Never do you feel this more than when sitting in the back. You might think there would be space to spare here, but you’d be wrong; headroom is limited and kneeroom merely adequate, despite that extra 35mm of metal between the wheels.
The seat is comfortable, but the view out is unrelieved and grey. As for the boot, it’s well shaped and easily accessed, and while it offers a pretty paltry extra 15 litres of space over the three-door A3 with the seats up, fully folded there’s an extremely useful additional 120 litres of room for your clobber.
PERFORMANCE
It’s hard not to conclude that the 2.0 TDI is the engine with it all: extremely strong performance coupled with exceptional fuel consumption and correspondingly low CO2. Compared with the 1.6 diesel, it’s over 20 per cent quicker to 62 mph but not even 10 per cent less economical.

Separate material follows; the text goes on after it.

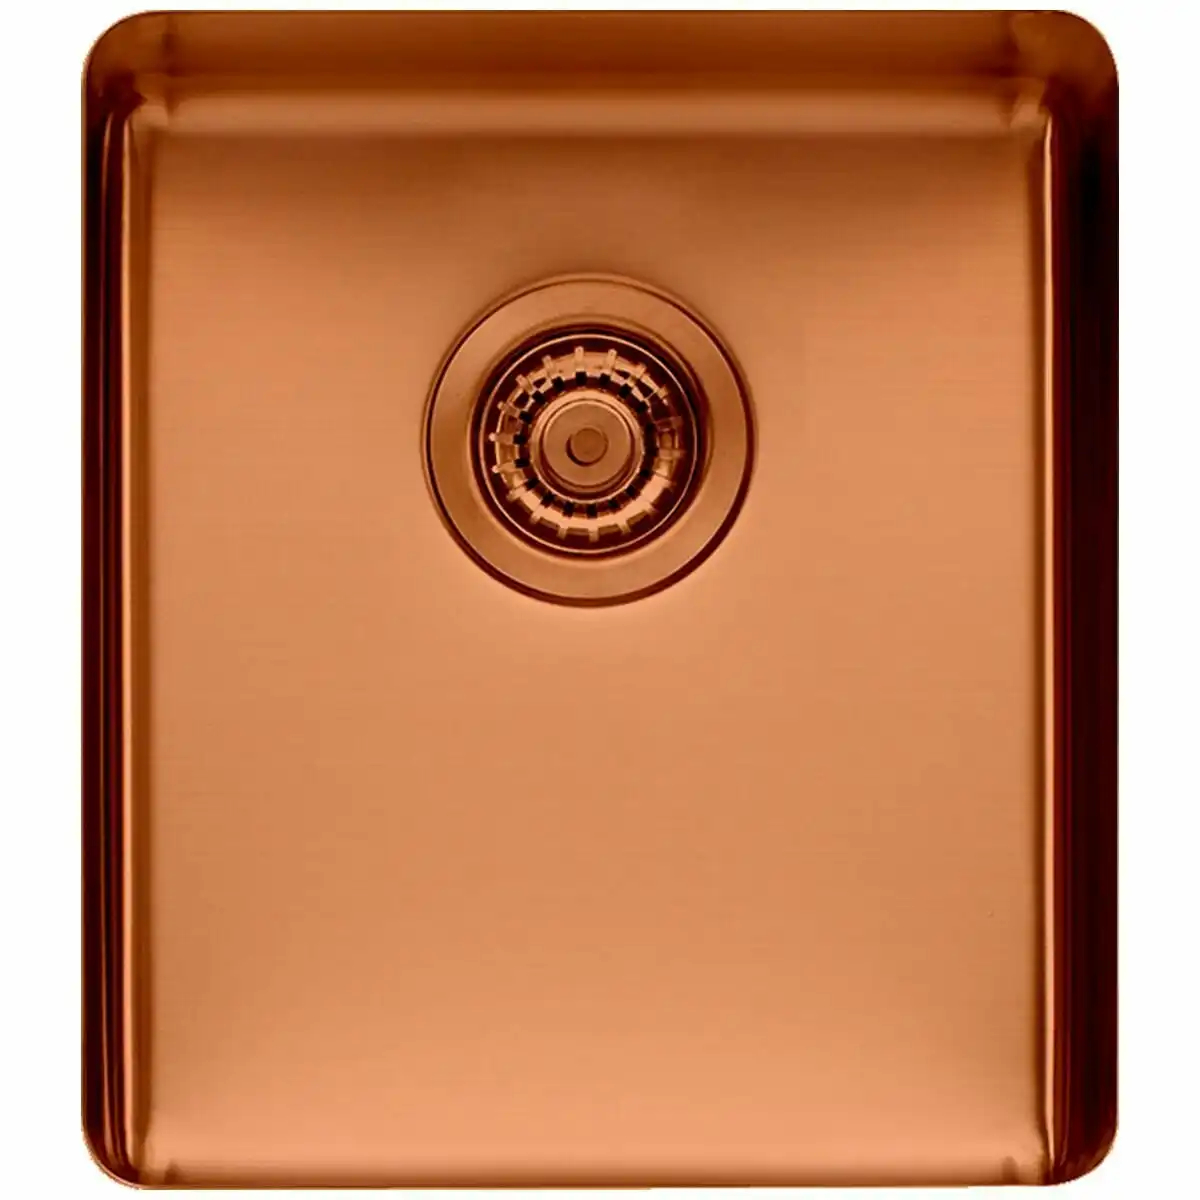 Titan Medium Single Bowl Sink Copper

What the figures won’t describe is the mid-range torque of the big diesel, or how quiet it is at cruising speeds. The size of its all-round performance envelope makes it quite clearly the engine to have – provided, of course, you can afford the substantial premium charged for it.

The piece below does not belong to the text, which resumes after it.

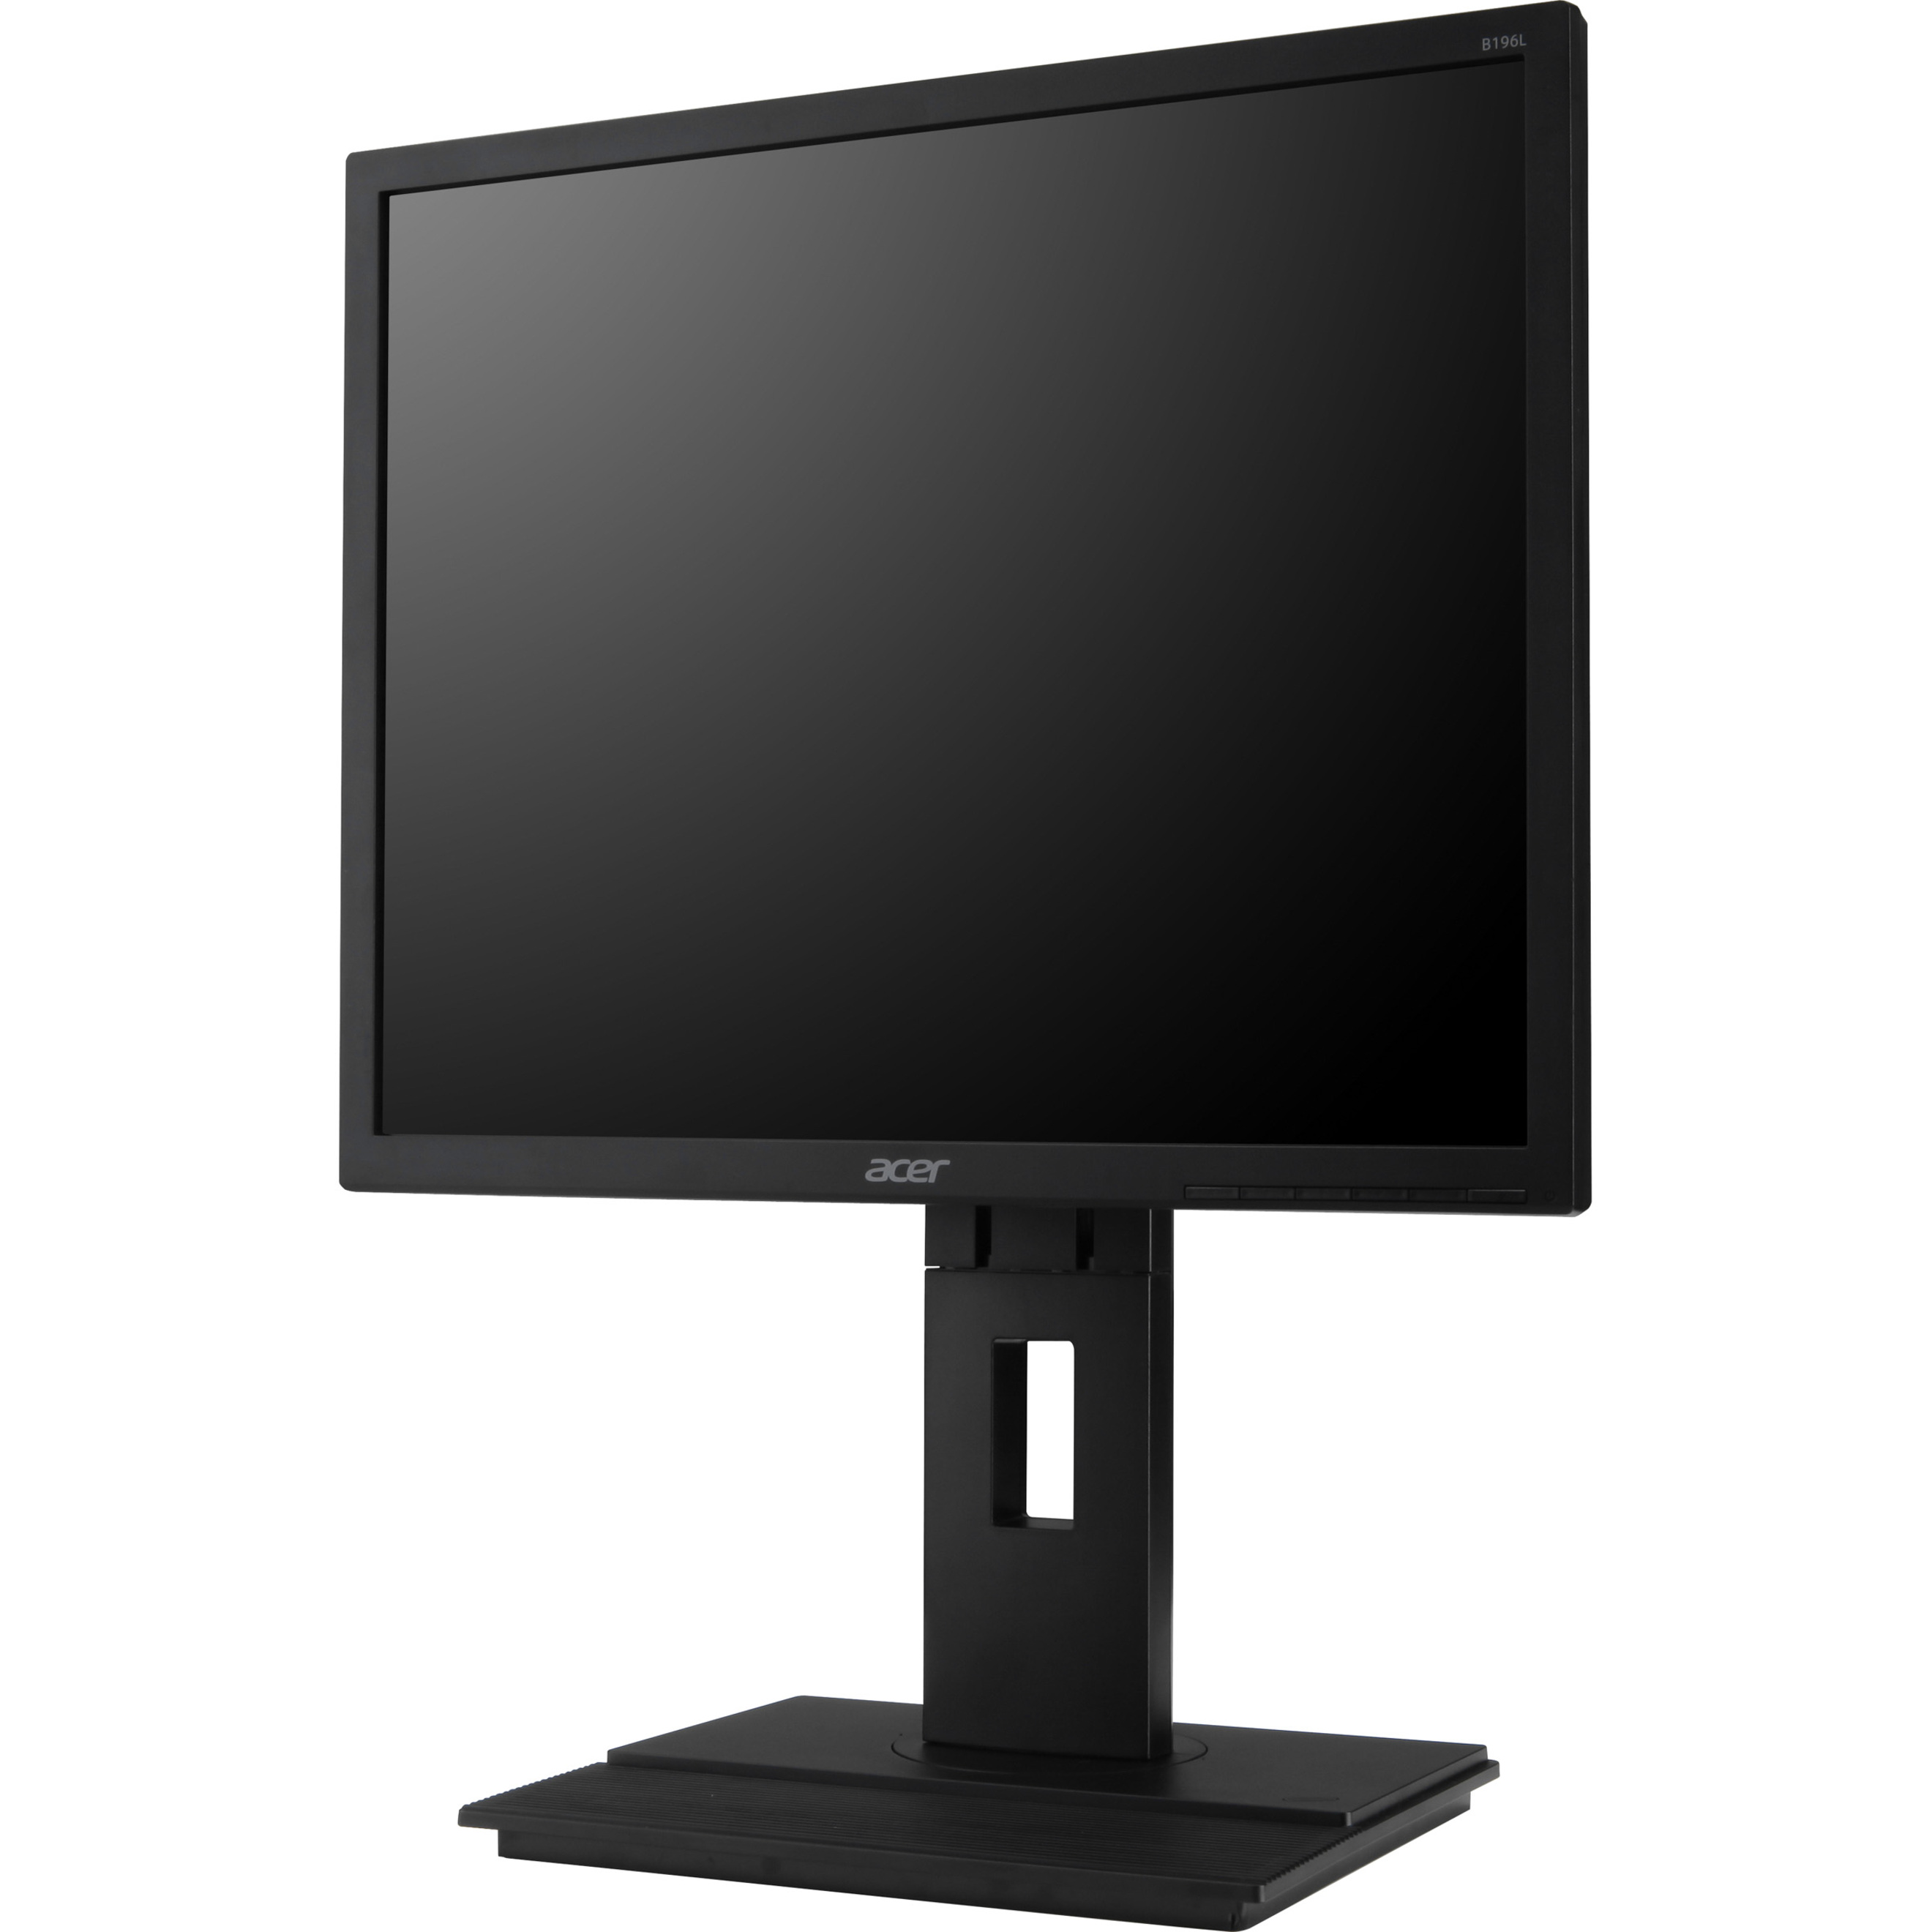 Acer B196L - LED monitor - 19" - image 4 of 5

The good news for those who can’t or won’t is that the 1.4-litre petrol motor in the cheapest Sportback is no kind of poor relation at all. Its 120bhp may sound a rather mean amount of power for such a car, but the figure reveals nothing about how that power is delivered.
First, the engine is startlingly smooth and quiet, enough to make the diesel feel quite unrefined under strong acceleration. It is also exceptionally flexible, providing maximum torque at just 1400rpm, lower than either diesel variant, and capable of maintaining it all the way to 4000rpm. This means it can maintain peak torque over a band 2600rpm wide; true, the 2.0 TDI engine has far more torque, but it can maintain it for less than half the range.
The bottom line is that, whichever of the two core engines you choose, you are unlikely to regret it, as long as it is appropriate to your circumstances. Likewise the transmissions; both the six-speed manual and seven-speed dual-clutch automatic gearboxes are excellent and provide broadly similar performance and economy in most variants.